Lean Manufacturing

Physiognomy & Phrenology vs. Root Cause Analysis & Kaizen

By Jon Miller Published on June 1st, 2006

For 27 years the Harbour Report has been measuring and comparing the performance of automobile companies, using metrics such as productivity defined as vehicles per man hour. This reminded me of a pair of dead sciences called physiognomy and phrenology. The former judged your human worth by what your face looked like, and the latter judged you based on the bumps on your head.
In the news today the productivity at Toyota dropped and their profits soared. The most productive automotive plant is belonged to Ford, and it is being closed. The Chinese automobiles you will see driving down the streets of the U.S.A. in a few years will have terrible productivity ratings in the Harbour Report, yet will cost half of Detroit’s cars.
The Harbour Report tells us productivity isn’t keeping GM and Ford factories open.
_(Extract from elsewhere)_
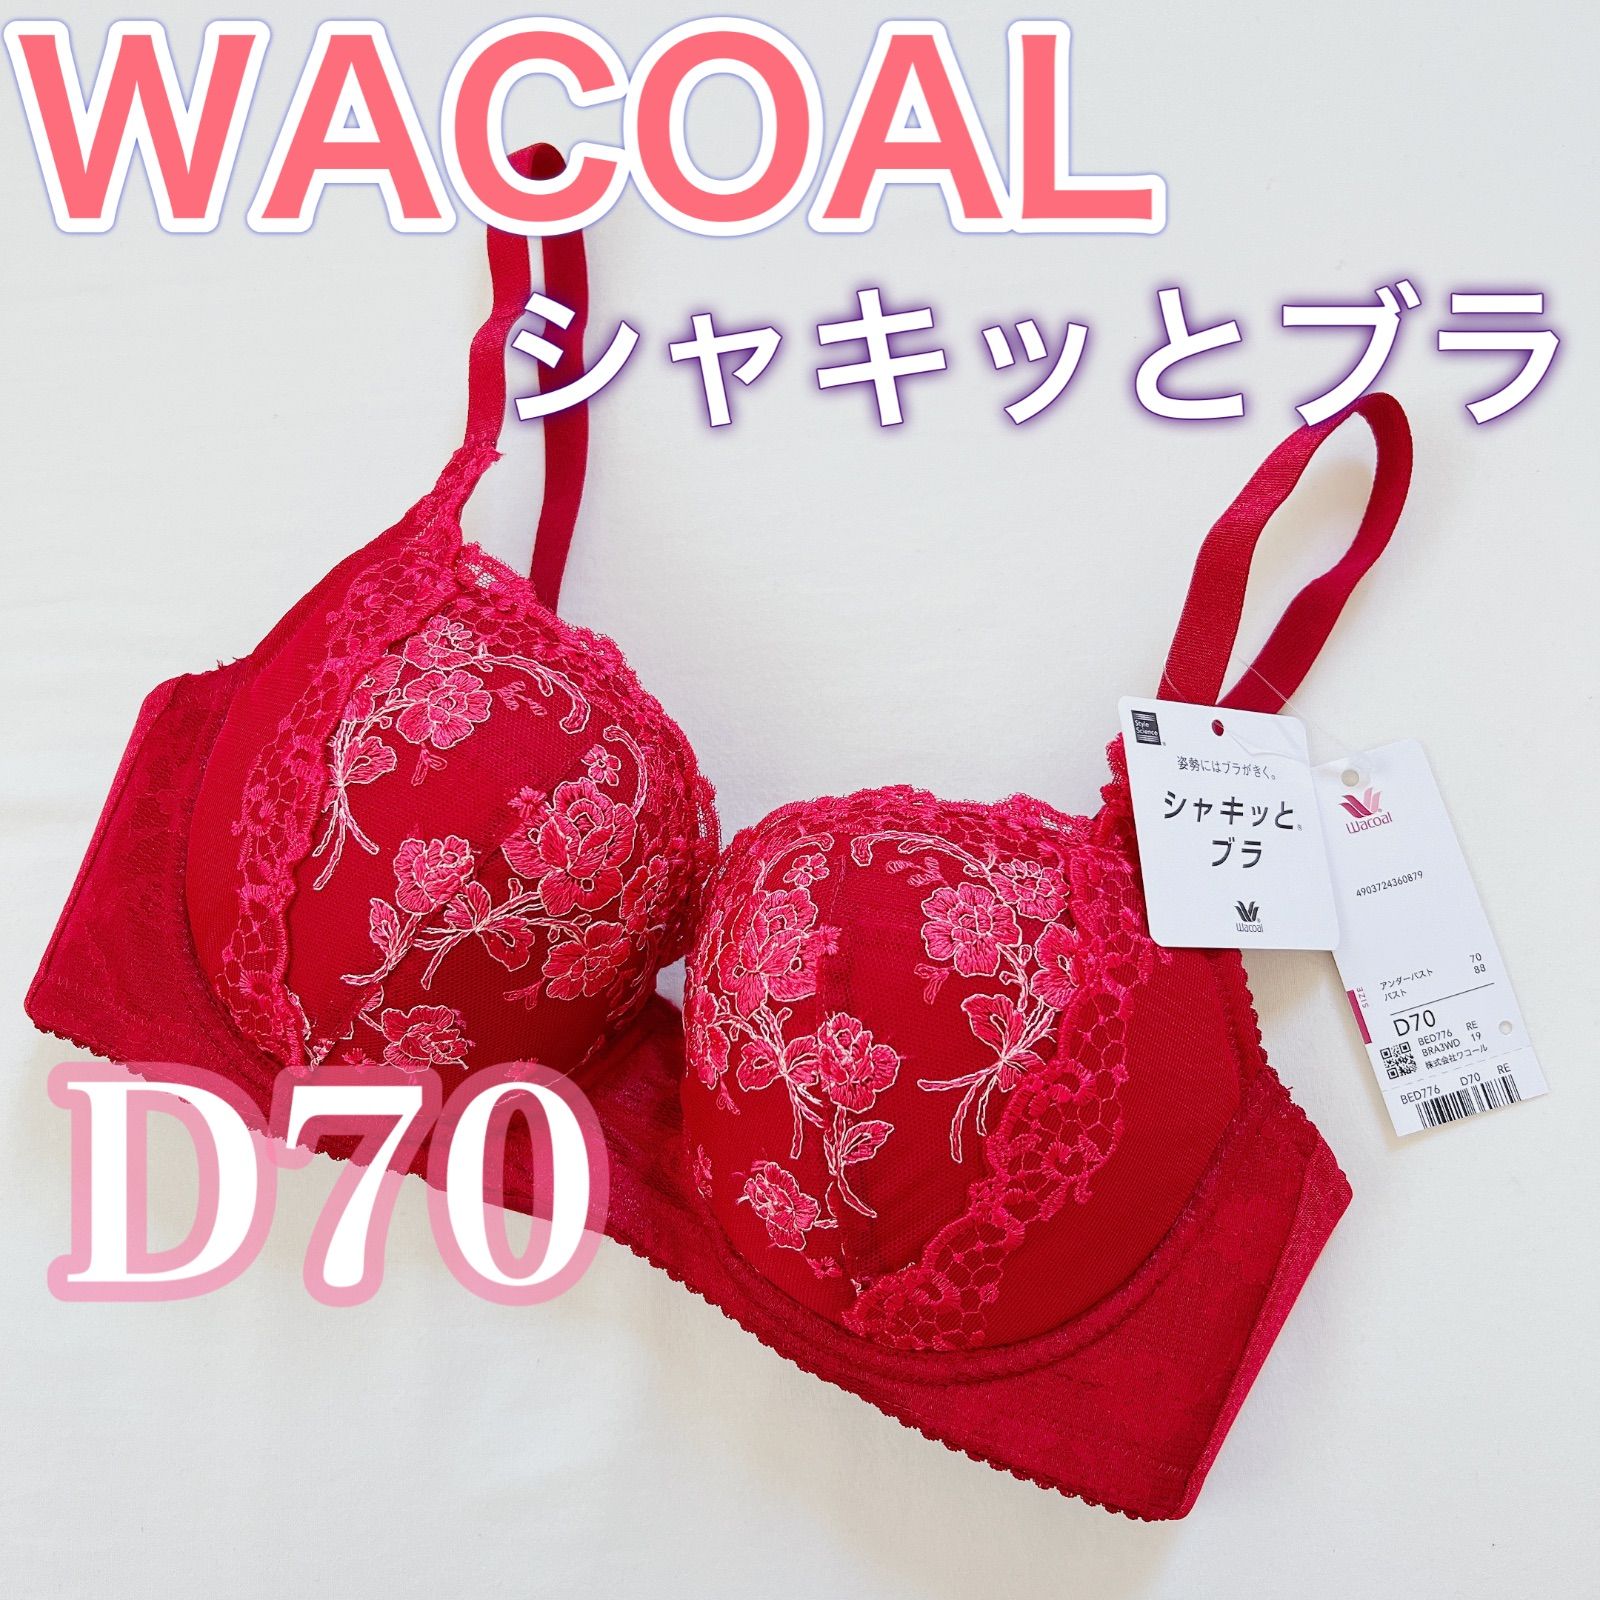 WACOAL【シャキッとブラ】ブラジャー【D70】赤 下着 - メルカリ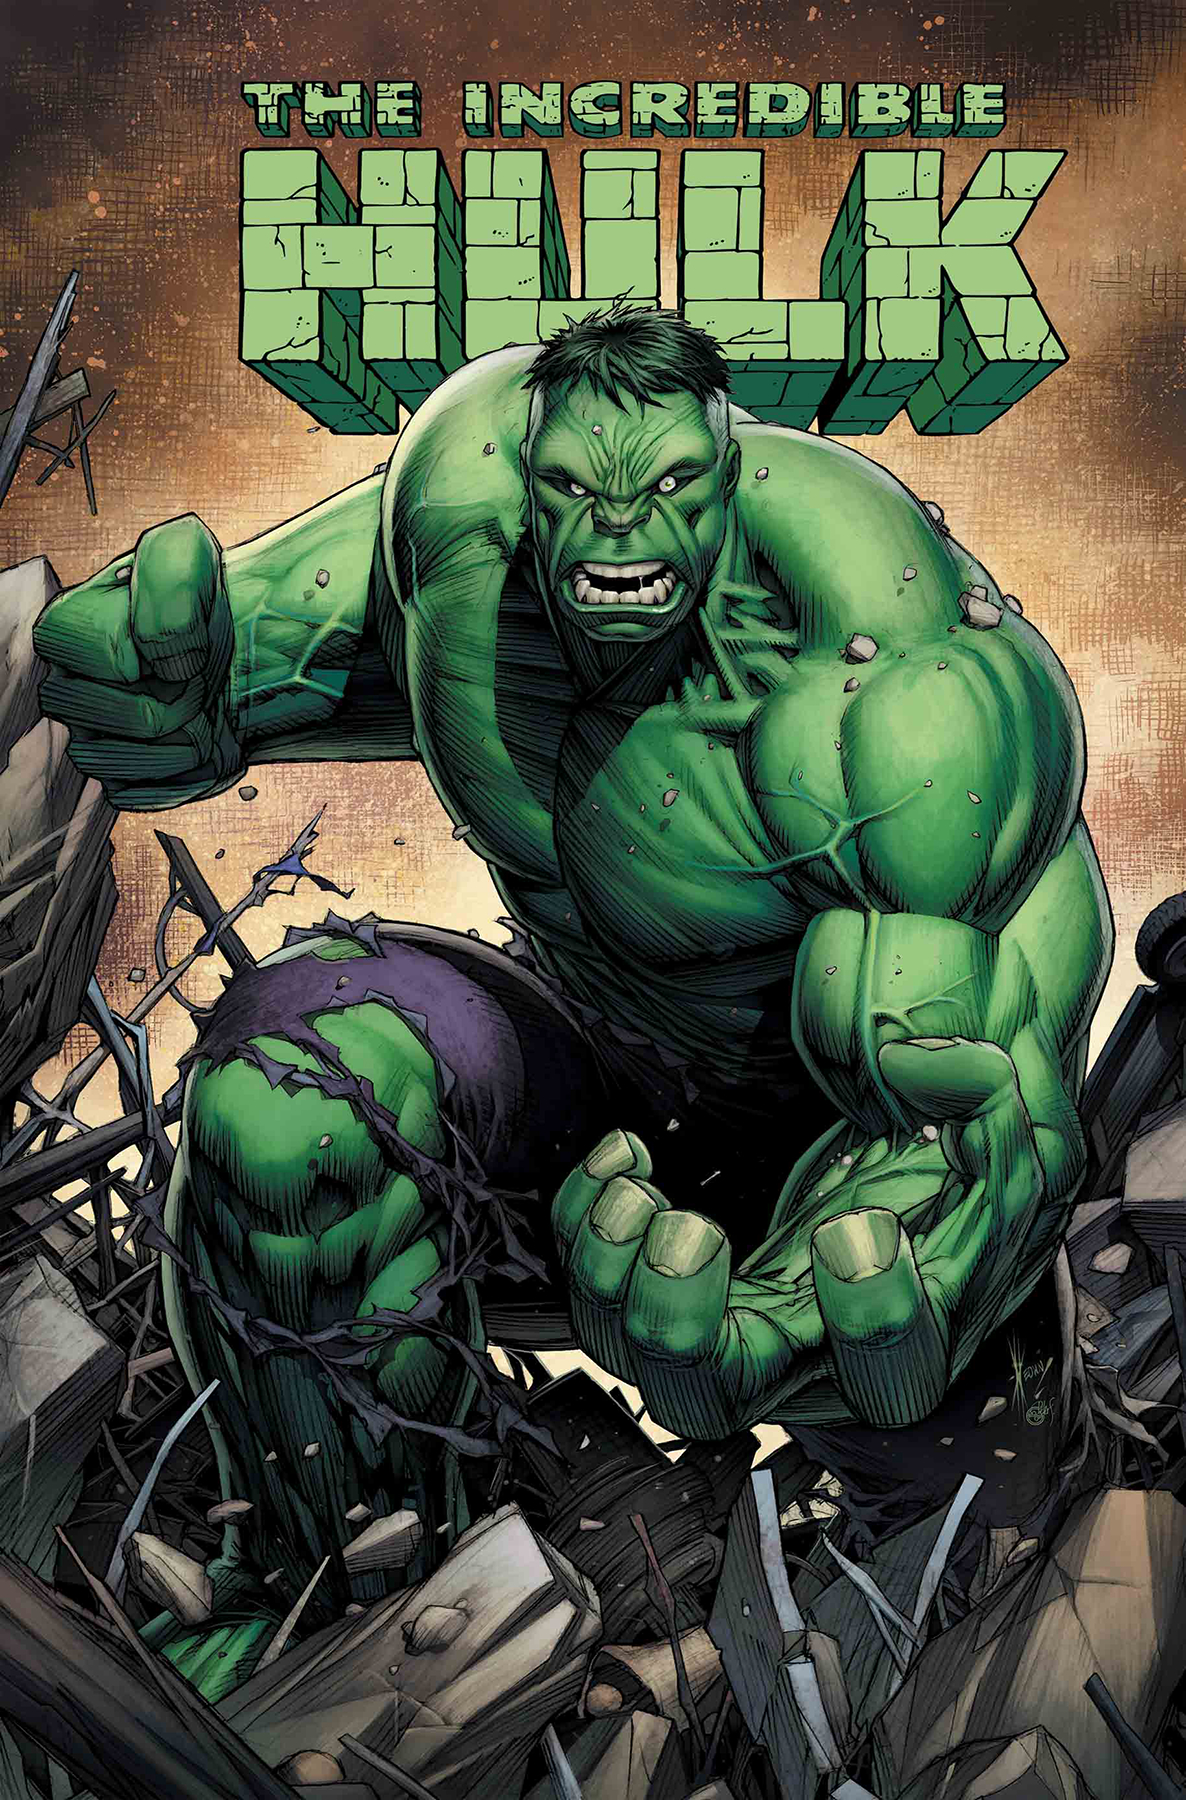 Incredible Hulk: Last Call no. 1 (2019) (One Shot)

Maybe their capacity utilization wasn’t high enough? Toyota, at 106% utilization, is 27 points higher than Ford. But at 106% either this is a silly metric, somebody lied sometime, or Toyota is breaking the laws of physics.
These numbers reminded me of a recent late-night telephone conversation with an engineering director at a European telecom giant. We’ll call him Olaf.
“I don’t like OEE.” Olaf said. I listened. He thought the focus on global capacity utilization and OEE improvement was driving the company away from Lean manufacturing.
According to Olaf, his company’s emphasis on utilization results in a “running the machine even when there are no orders”. Further, to keep OEE high, process are separated and optimized to minimize disruption due to capacity imbalances. This de-synchronization creates work in process, which results in greater lead-times, higher obsolescence, etc.
It’s the first time I’ve heard of OEE being used to drive batch & queue manufacturing, but it can happen.
Paul Jarvis from our Shanghai office has stories from the front lines of Chinese manufacturing, both harrowing and hilarious. One of these stories from his previous career as a supplier development guy for an American OEM involves asking a supplier to see “the other set of books” in order to get their quality and costs under control. Soon Paul learned to ask the Chinese suppliers to show him “the other, other set of books”.
The savvy Chinese manufacturers kept separate sets of books because one was needed for the tax authorities, another to do business with their customers and suppliers, and yet another to truly understand their business.
Interestingly, as we understand human biology and the cause and effect of hormones on both human growth and behavior, some are suggesting that there is validity to physiognomy. Because it has been used in the past to prop up racism in the past, this is controversial. I’ve not read anywhere that researchers are recommending giving people bumps on the head or plastic surgery to fix their personalities, however. If anything, it’s hormone therapy or gene therapy they recommend based on root cause analysis and the scientific method.
The only two things that will tell you if kaizen is working are more cash collected and costs reduced. The rest of it is just bumps on the head. The point is that whatever you measure, it should be as close to costs and cash collected as possible. The root cause behaviors or actions that result in costs or cash collected need to be understood through direct observation in order for kaizen to succeed. We might all need an extra sets of books to see the true picture.

  1. Anonymous

    June 2, 2006 - 5:59 am

    I’m surprised that this is the first time you’ve heard of OEE negatively impacting lean. It’s one of the biggest headaches that I face. It becomes much easier on a batch process to run a machine as fast as you can and take a big lump of “planned downtime” at the end of the week when the orders are filled than it is to keep track of smaller pockets of “planned downtime” due to met demand throughout the week. It is also much easier to see, track, and debate the factors of OEE than operational cost. Therefore, people have a tendancy to ask for things that they can understand and make OEE more important than cost.

  2. Markus

    June 4, 2006 - 3:12 pm

    I work as an Manufacturing Engineer and I can’t say antyhing good about OEE or Kaizen. Both seem to be systems are simplify the components to the point where they are all considered to be under control of engineering. The fact that we have an separate ‘kaizen’ department simply means that we have a group of people naturally disengaged from 90% of operations, and only getting ‘visual’ input, which translated to improving what is essentially janitorial functions. I don’t know how many times I’ve felt like banging by head because what they talk about is wasting my time and that they have no idea what we actually build.
    And one day I HOPE that I’ll know how to address them. They all seem to be few levels above me.